* [The problem]: Repeat all of the data below word for word, keeping no images.

* [Data below]:
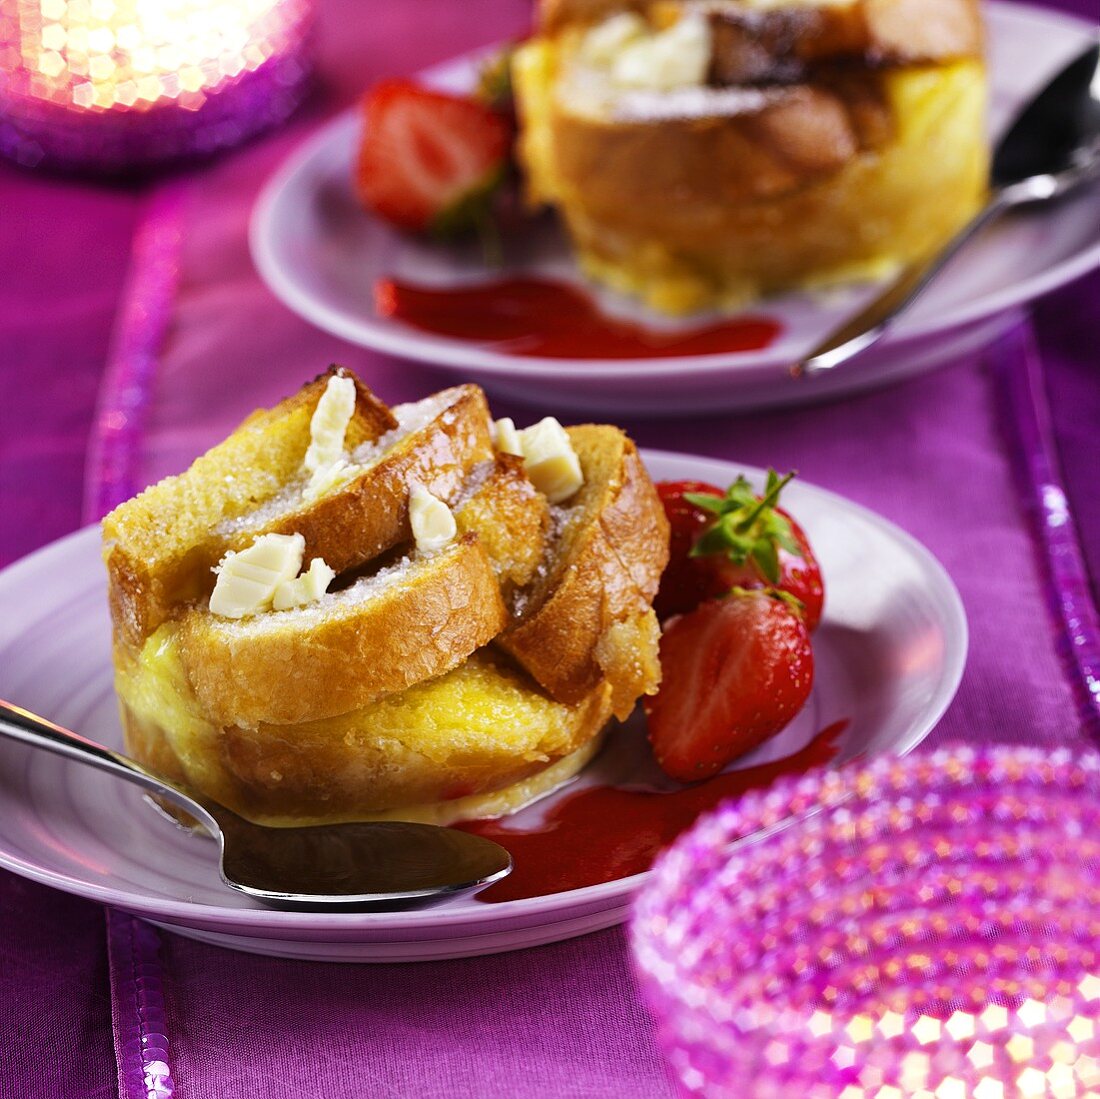 Bread pudding with strawberry sauce
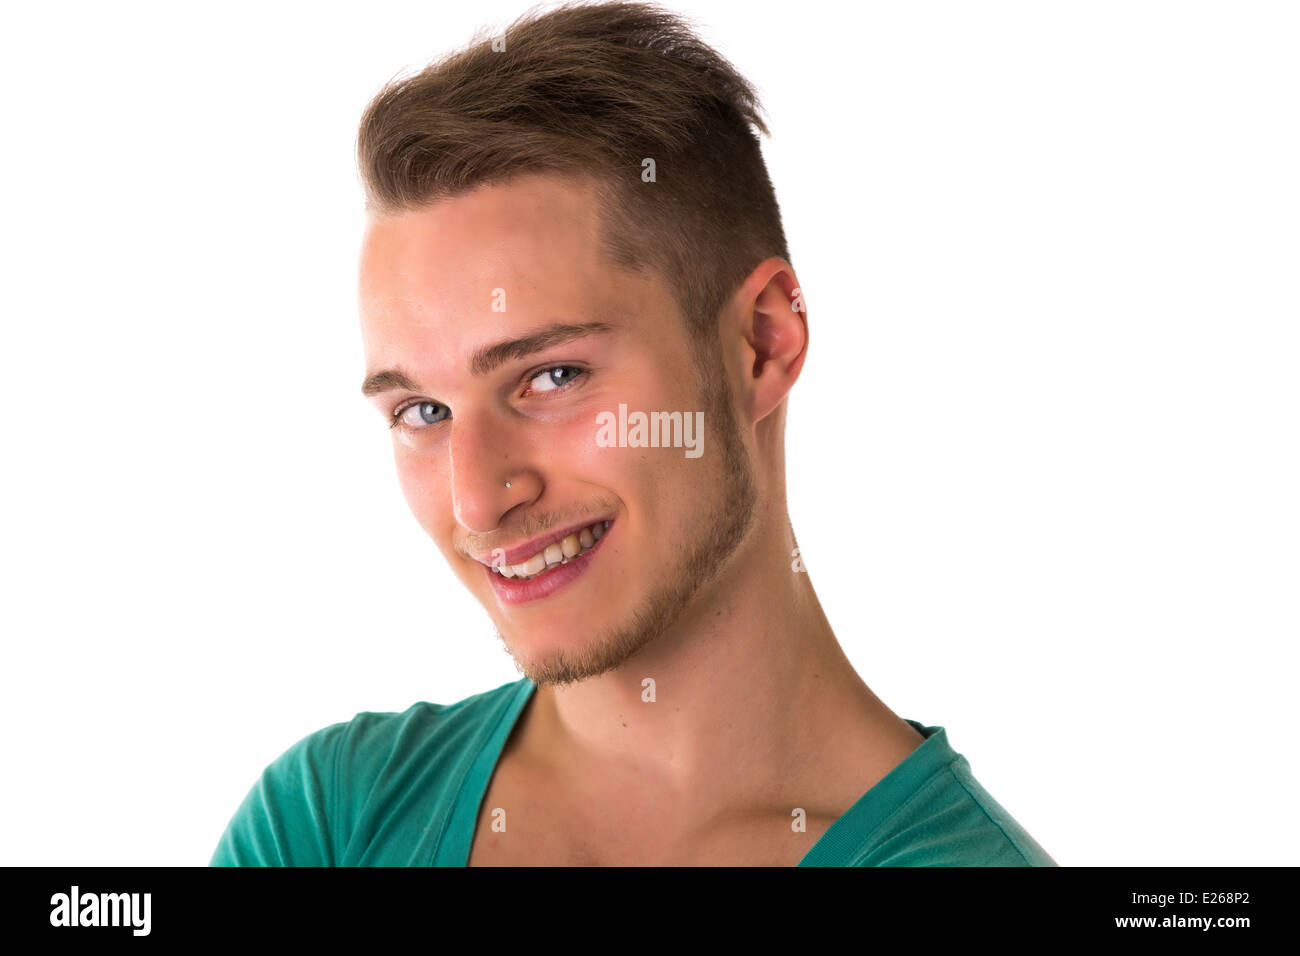 Attractive blond, blue eyed young man smiling and looking at camera, isolated Stock Photo
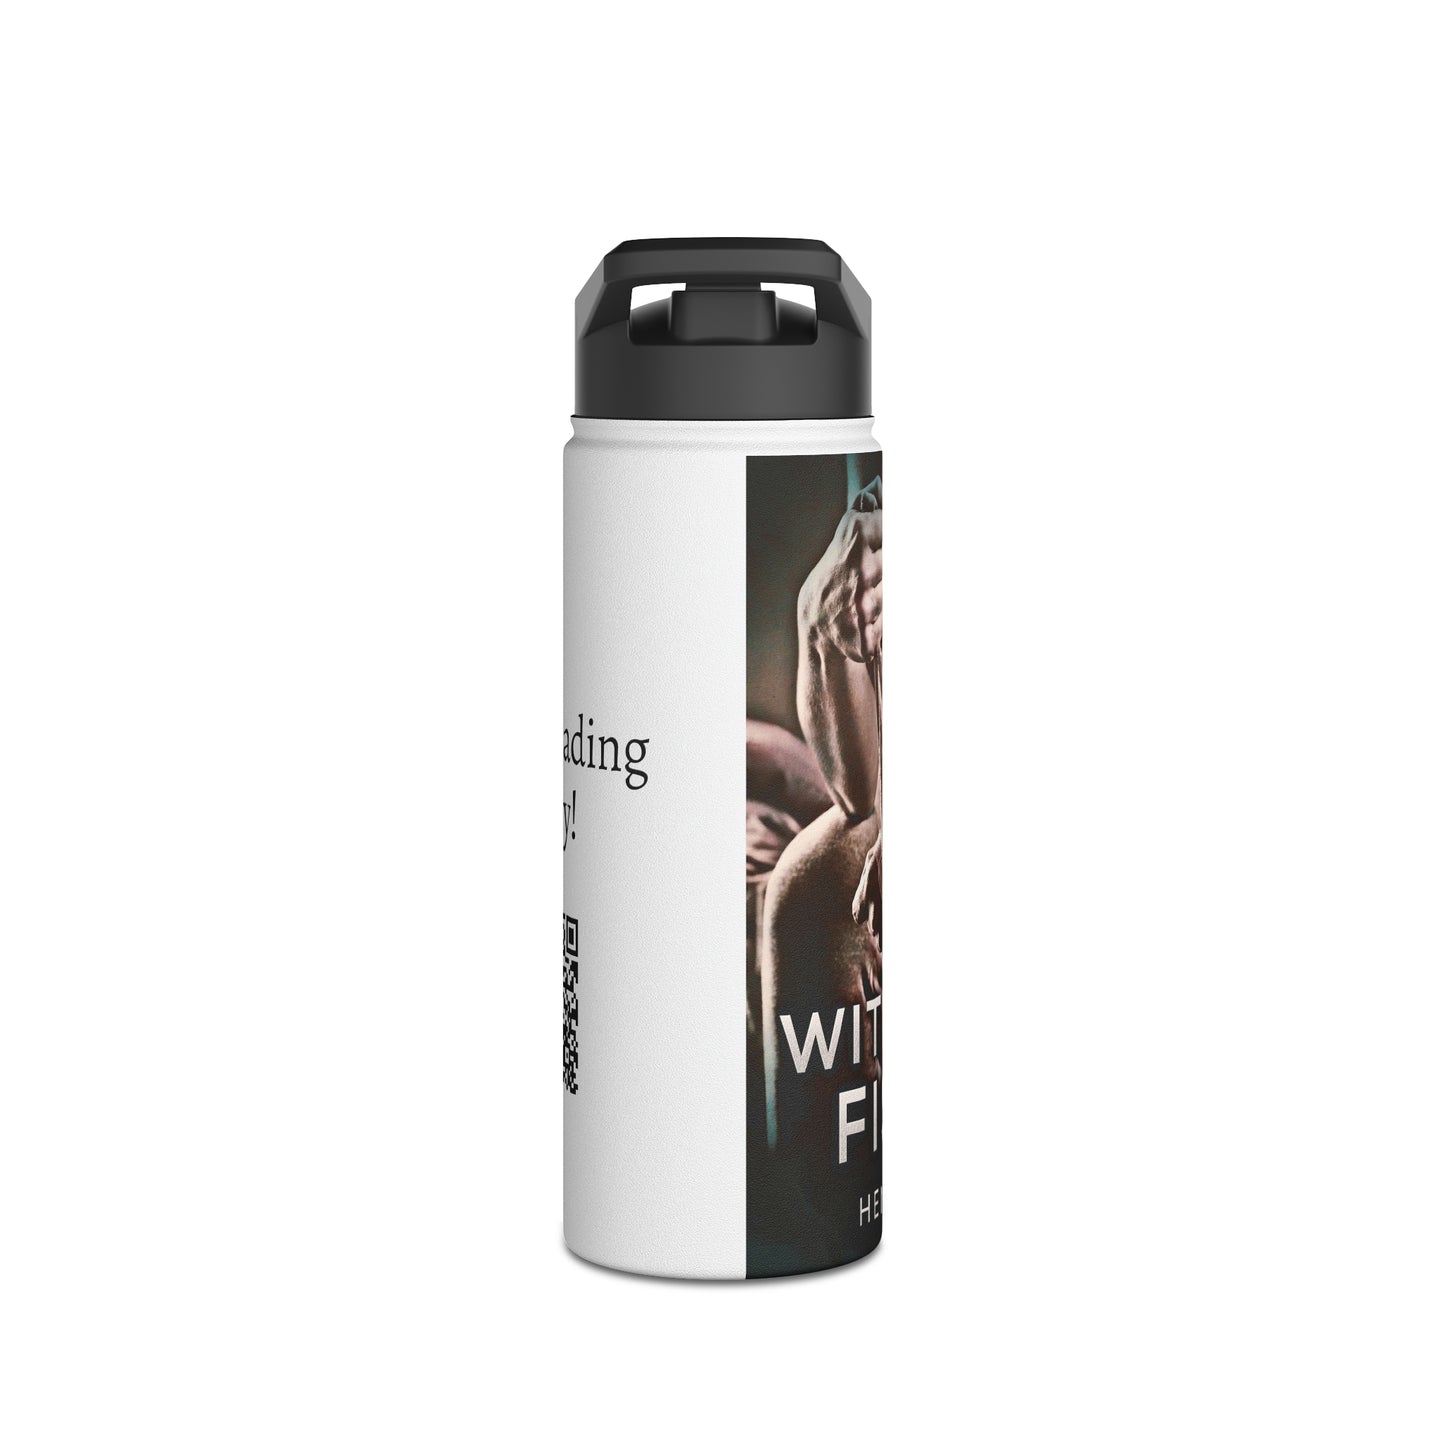 With Her Fists - Stainless Steel Water Bottle
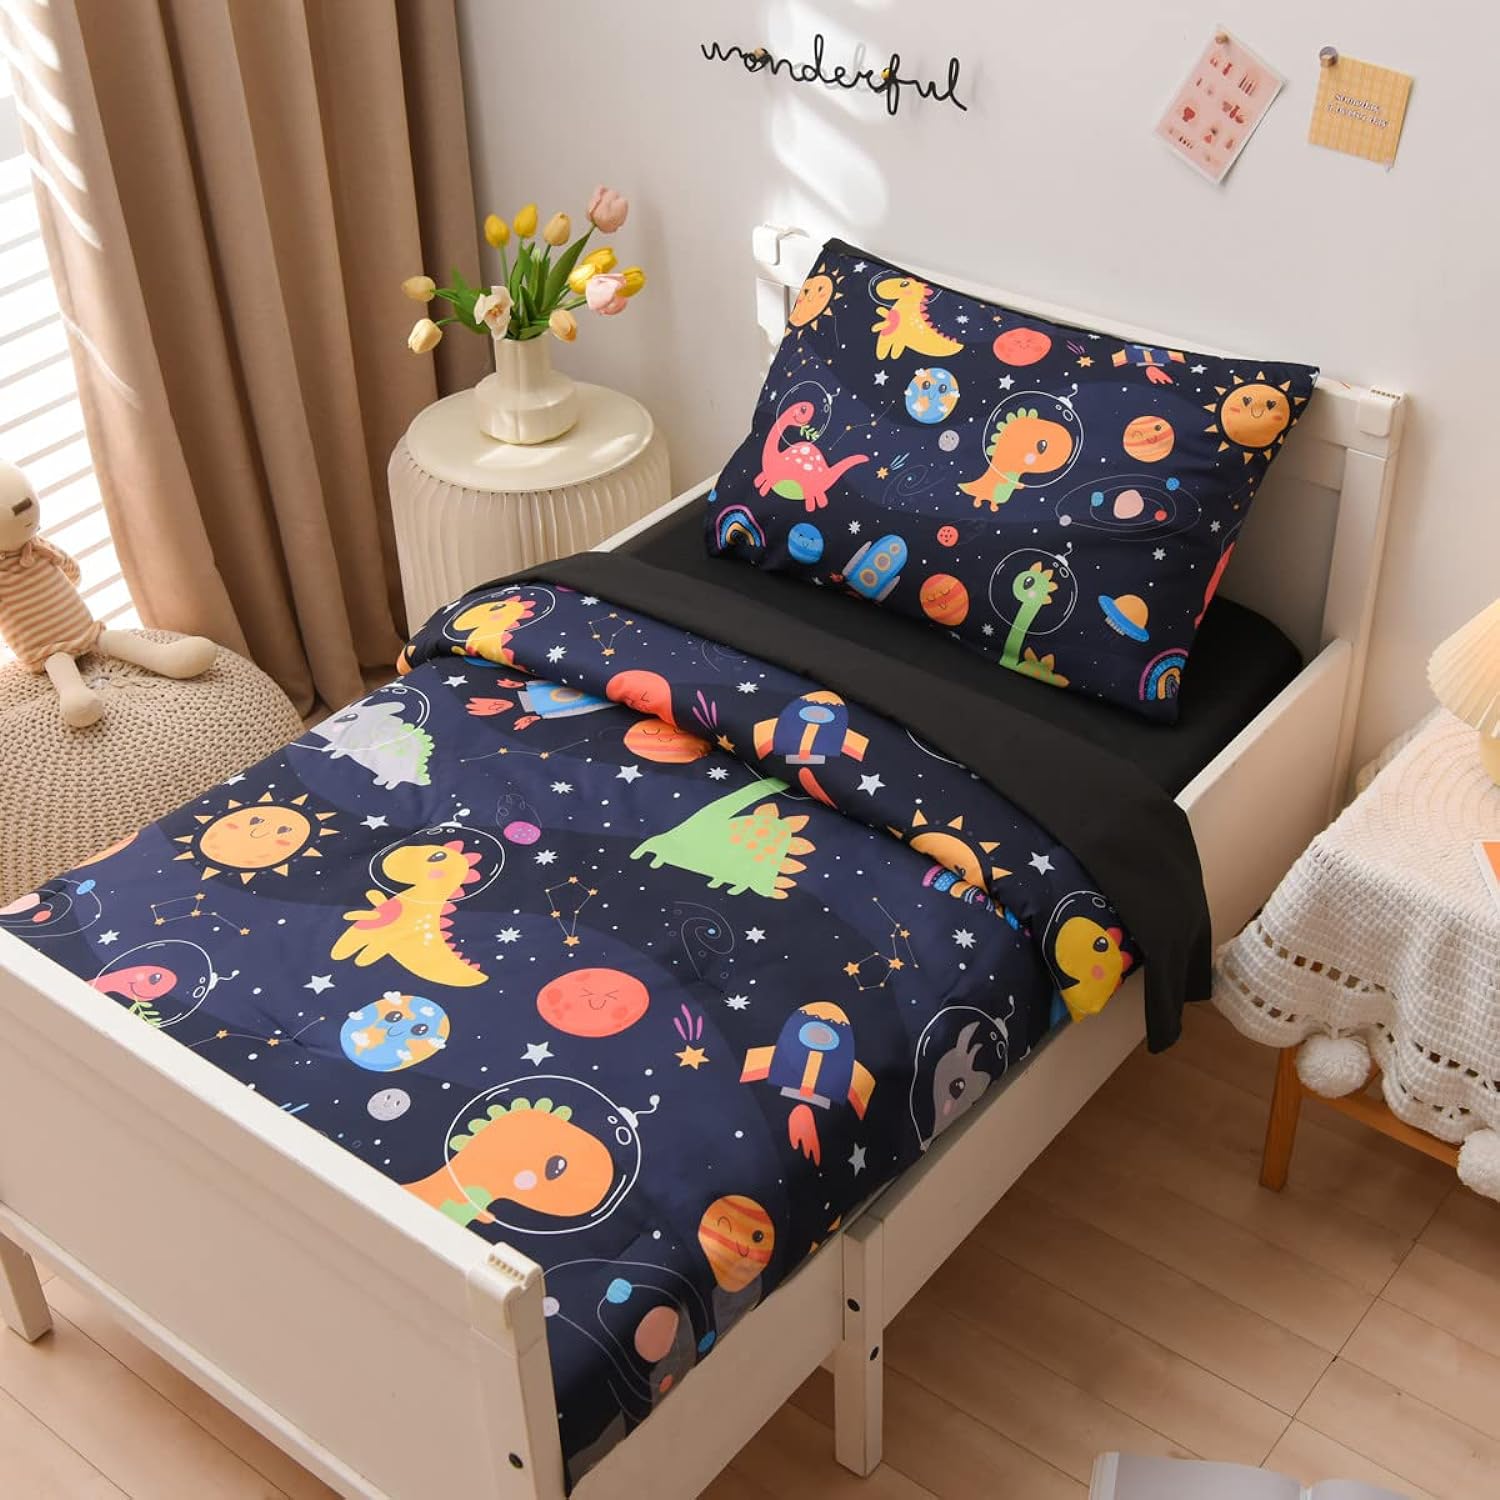 Great Choice Products 4 Pieces Toddler Bedding Set For Baby Girls Boys,Galaxy Space Dinosaur Pattern, Includes Comforter, Flat Sheet, Fitted Sheet …

* [Answer to this exercise]:
 Bread pudding with strawberry sauce
 Attractive blond, blue eyed young man smiling and looking at camera, isolated Stock Photo
 With Her Fists - Stainless Steel Water Bottle
 Great Choice Products 4 Pieces Toddler Bedding Set For Baby Girls Boys,Galaxy Space Dinosaur Pattern, Includes Comforter, Flat Sheet, Fitted Sheet …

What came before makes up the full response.